**How to complete this task**
Would you restate the listing word for word, with the images omitted?

**Exercise data**
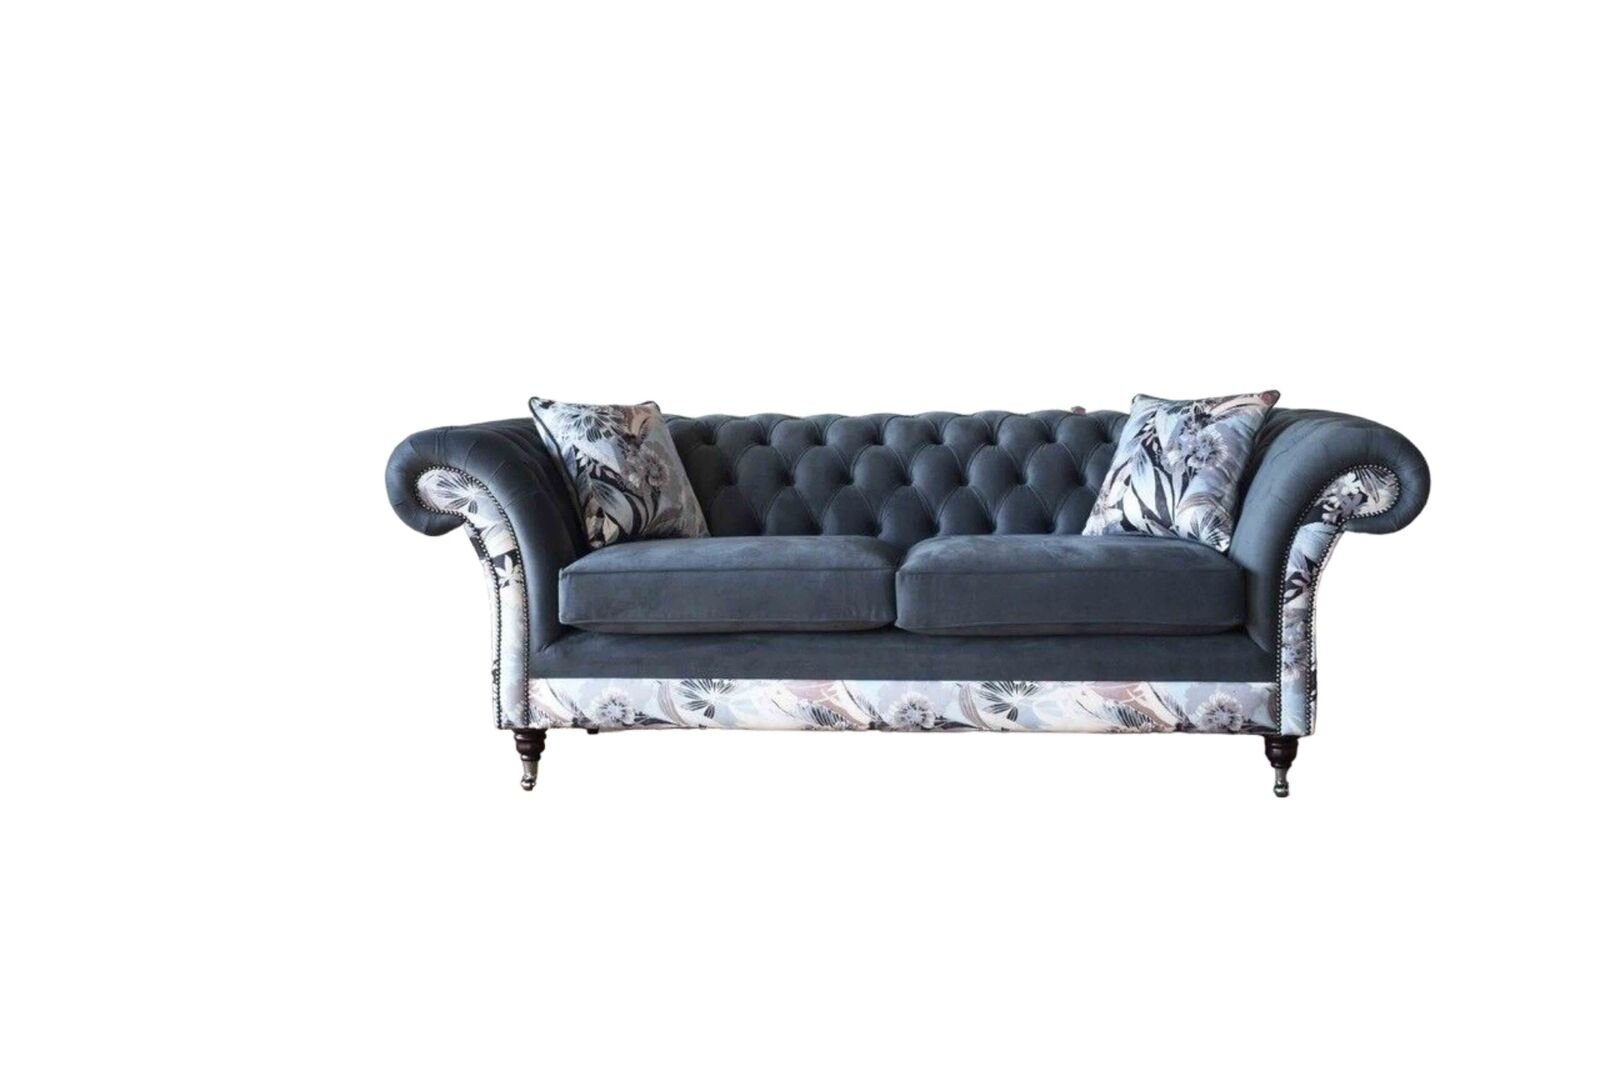 JVmoebel Sofa Blauer Dreisitzer Design Polster Sitz Textil Sofa 3 Sitzer Luxus Couch, Made in Europe | Alle Sofas
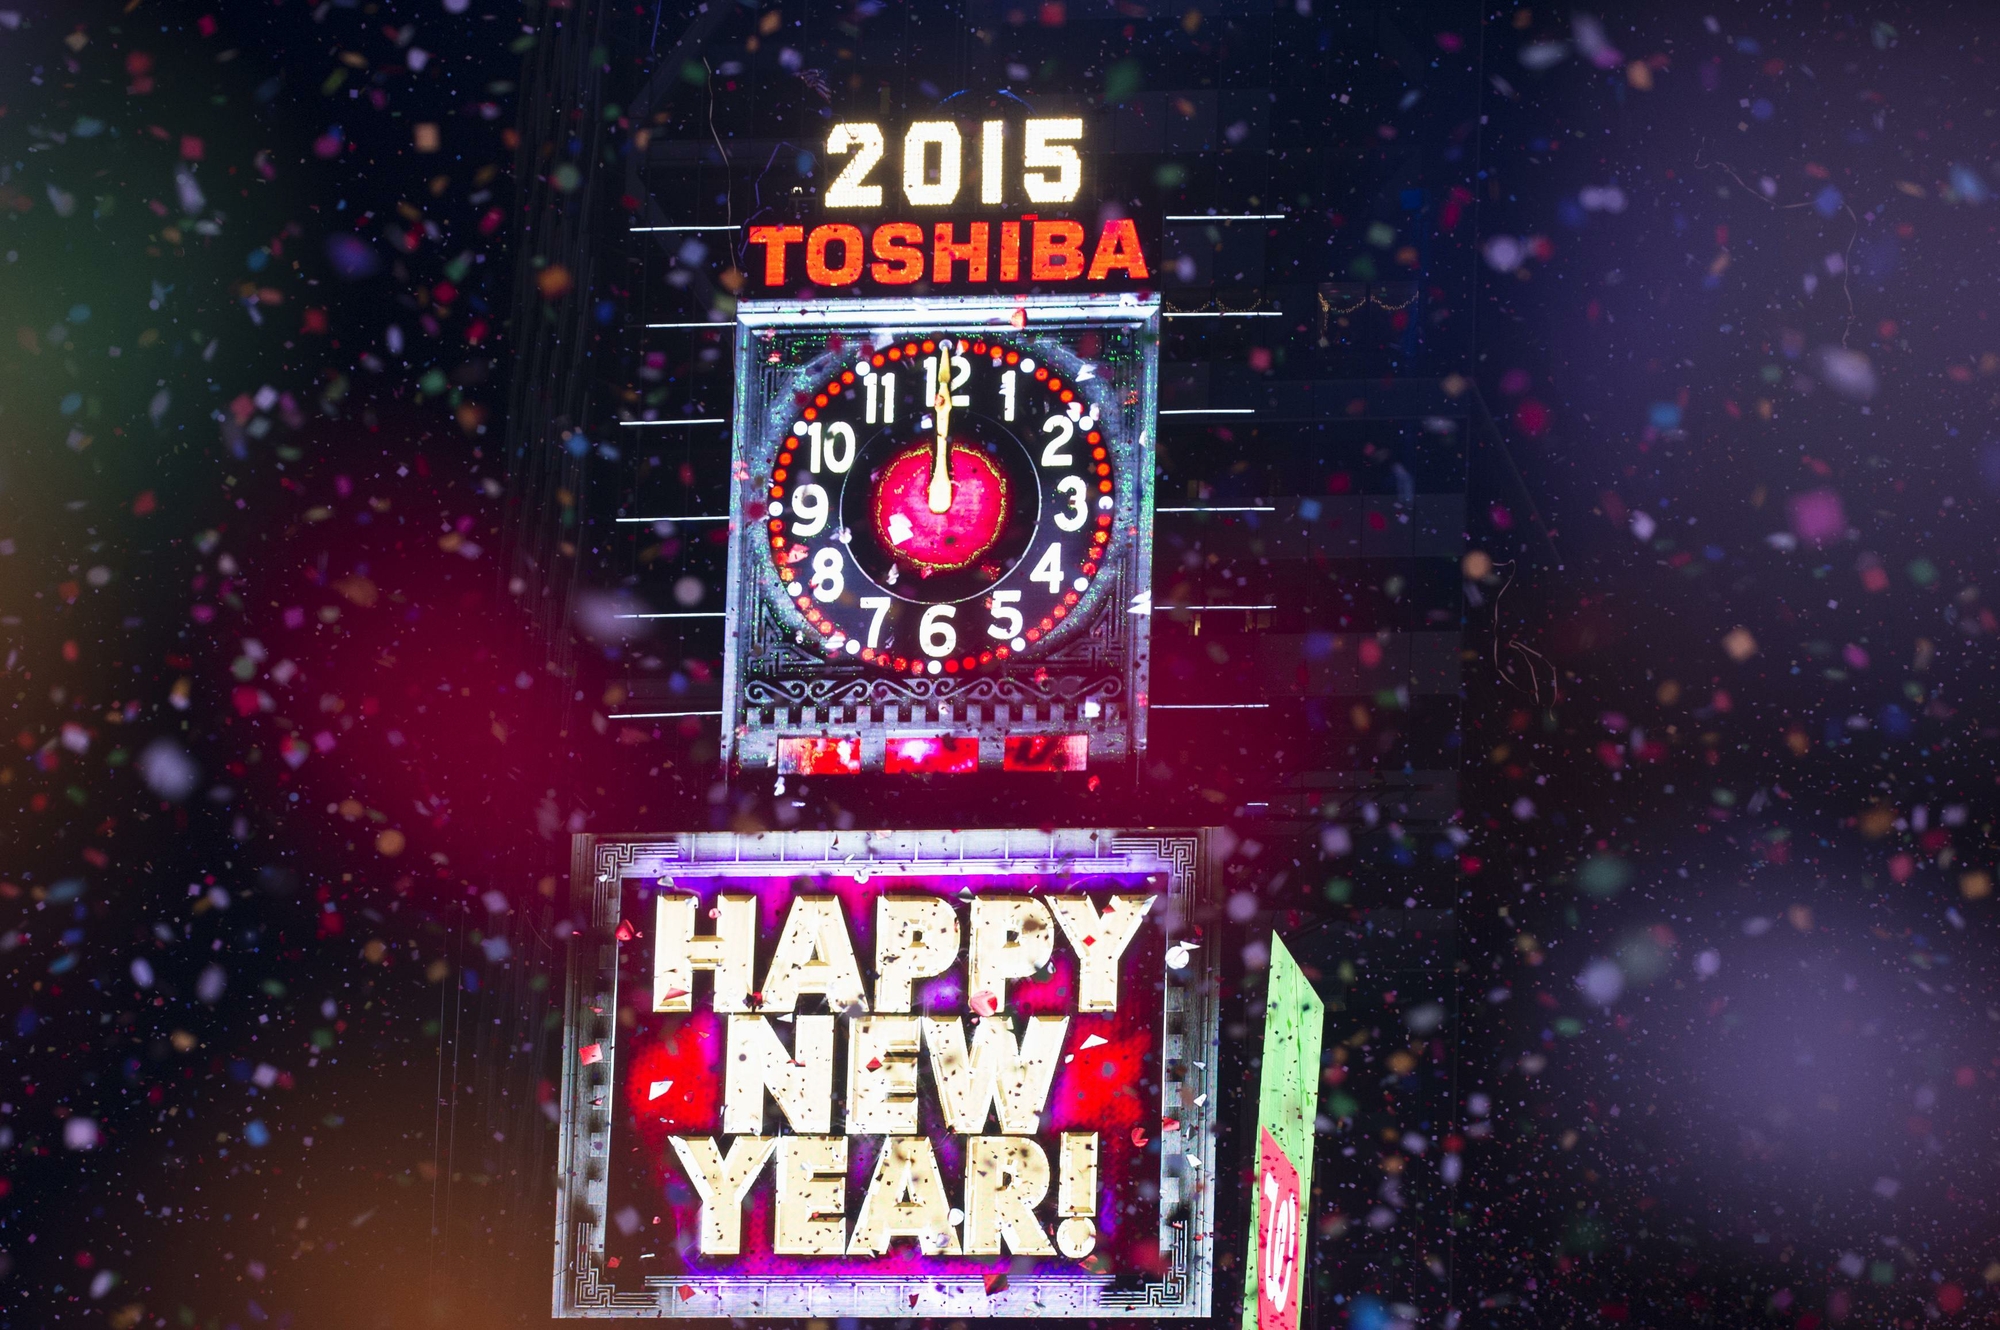 Tradicional relógio da Times Square marca meia-noite, dando início às comemorações de fim de ano
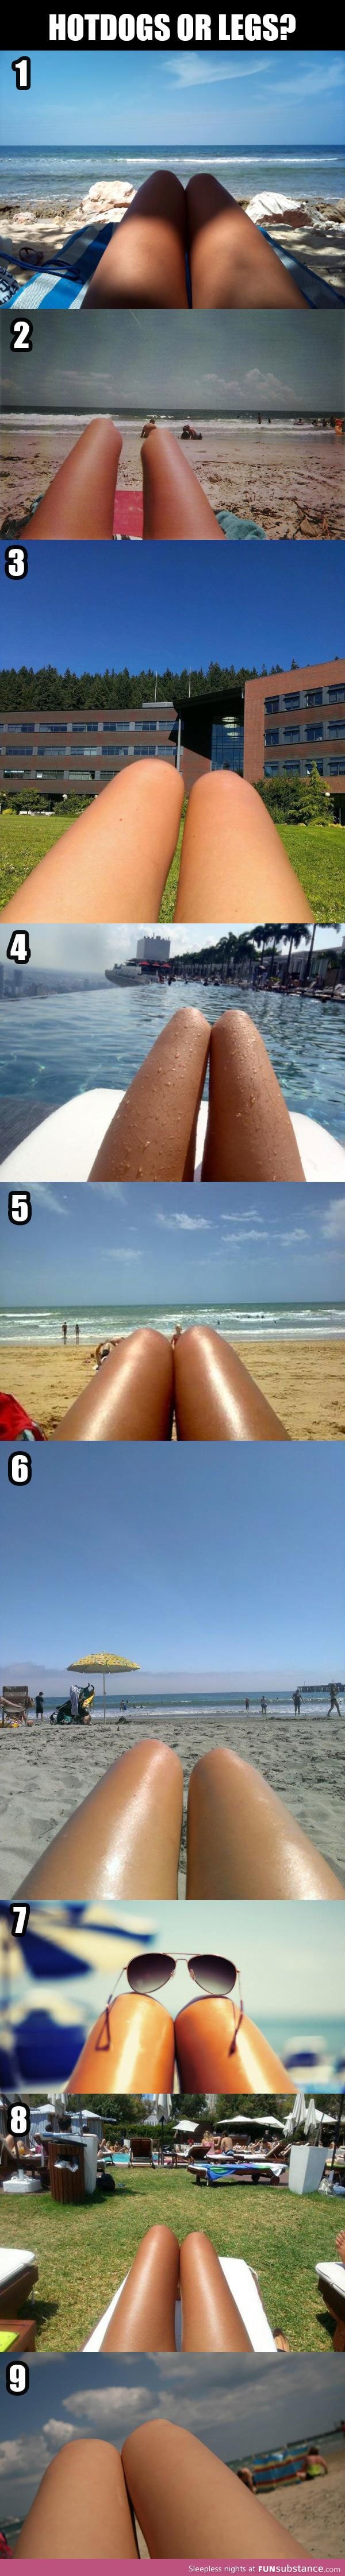 Hotdogs or legs?
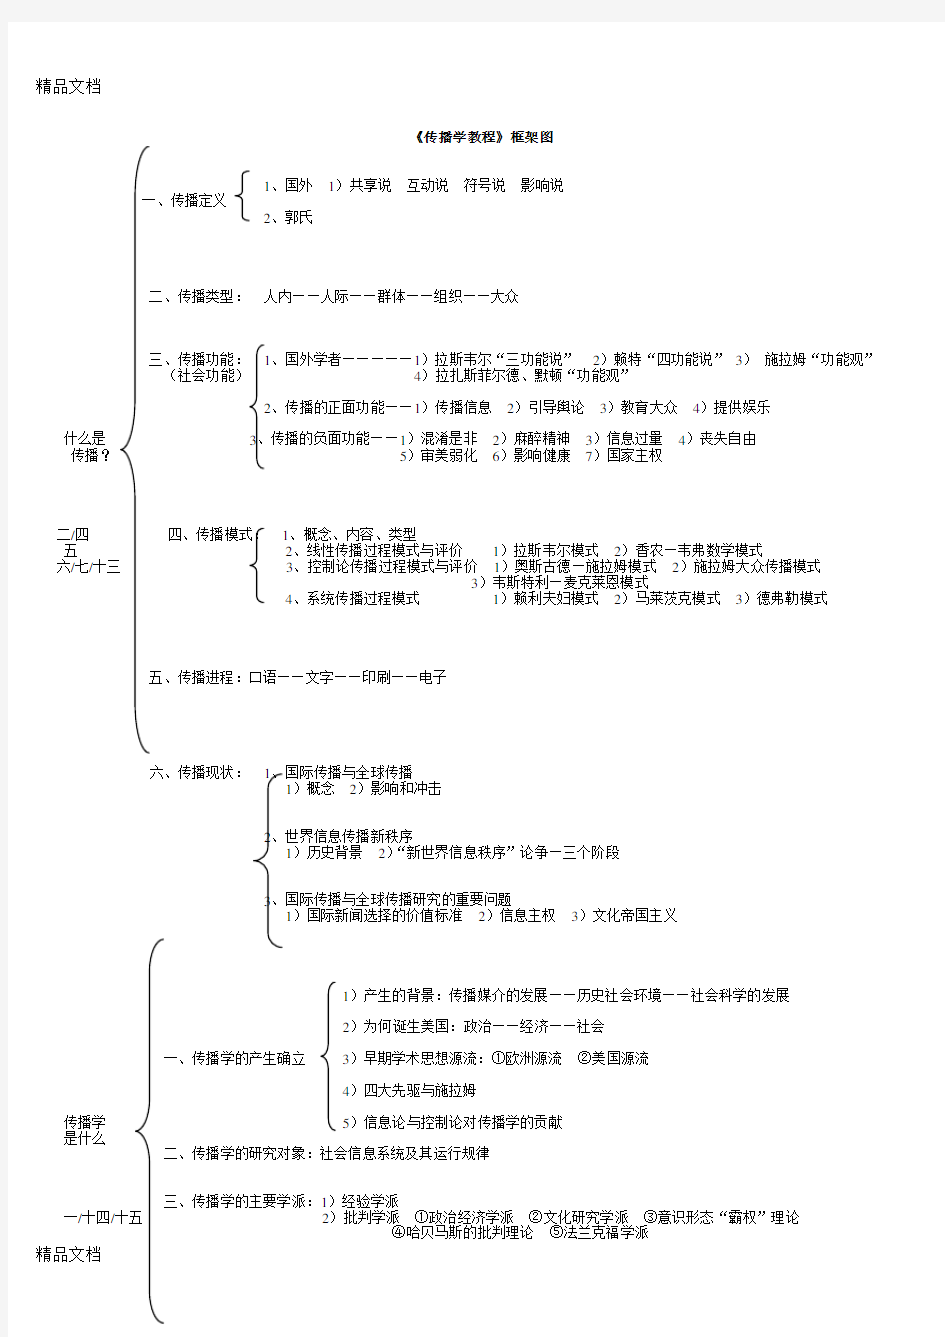 最新传播学教程框架图郭庆光版(整理版)

**Response for this exercise**
 JVmoebel Sofa Blauer Dreisitzer Design Polster Sitz Textil Sofa 3 Sitzer Luxus Couch, Made in Europe | Alle Sofas
 Tradicional relógio da Times Square marca meia-noite, dando início às comemorações de fim de ano
 Hotdogs or legs?
 最新传播学教程框架图郭庆光版(整理版)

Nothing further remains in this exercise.